United States Marine (born 1974)

Jason Thomas (born July 4, 1974) is a United States Marine who located and rescued people in the aftermath of collapse of the World Trade Center in New York City after the September 11 attacks in 2001. With fellow U.S. Marine David Karnes, he helped find a pair of Port Authority Police officers buried in the rubble of the World Trade Center.

==Career==
===2001: September 11 attacks===
On September 11, 2001, Thomas was dropping his daughter off at the home of his mother on Long Island when she told him planes had struck the towers. The 27-year-old Thomas, having left active duty in August 2001, quickly put on his Marine uniform (camouflage utilities), sped to Manhattan, and had just parked his car when the North Tower of the World Trade Center collapsed.

Thomas told the Associated Press:

"Someone needed help. It didn't matter who," he said. "I didn't even have a plan. But I have all this training as a Marine, and all I could think was, 'My city is in need.'"

Thomas ran into another Marine veteran, Staff Sergeant David Karnes. Thomas presented a plan for a search-and-rescue mission in the area, and he and Karnes tried to enlist other Marines and soldiers on site to help. They decided to go it alone when they were told the mission was dangerous. "I found a couple of guys, but it wasn't enough, to them, to start a search and rescue," he said. "I remember myself and Karnes saying, 'We're going to start the search and rescue with or without you because someone needs us.'"

Carrying an infantryman's shovel, the two climbed the debris, calling out, "Is anyone down there? United States Marines!" They met a retired EMT, Chuck Sereika, who crawled down into the 50-foot-deep hole where the 2 Port Authority police officers (Will Jimeno and John McLoughlin) were trapped. Chuck began treating Will's injuries as fire in the hole intensified, threatening the lives of the rescuers, who nevertheless continued their rescue, occasionally climbing out of the hole to clear their lungs of smoke and recover from the heat. After 20 minutes, the three rescuers were joined by NYFD and NY Emergency Services Unit members. After 5 hours of digging and using the "jaws of life", the two Port Authority Police Department officers were rescued. A 3rd Port Authority police officer, Dominick Pezzulo, was trapped with Will and John but was mortally wounded by debris from the WTC 7 building collapse while trying to extricate Will from the rubble. His last act was to fire his service weapon through a hole in the debris to try and signal for help.
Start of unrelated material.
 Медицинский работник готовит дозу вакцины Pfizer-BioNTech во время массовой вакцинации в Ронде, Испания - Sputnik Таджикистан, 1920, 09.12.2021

Thomas said he returned to Ground Zero daily to pitch in before attempting to put the events behind him. He did not even tell his five children about his rescues. He had only identified himself to Karnes and others as "Sergeant Thomas".

Thomas is now serving in the United States Air Force as a medical technician since 2006.

Thomas was portrayed in Oliver Stone's feature film World Trade Center by William Mapother. This portrayal by a white actor generated controversy, and the producers stated that they were unaware that the real Thomas was black until they had already started filming.

On February 11, 2007, Extreme Makeover: Home Edition aired a special two-hour episode about Thomas and his family. Following the attacks, Thomas and his wife moved their four children from New York to Whitehall, Ohio. The house they bought began deteriorating, and the show intervened to help them.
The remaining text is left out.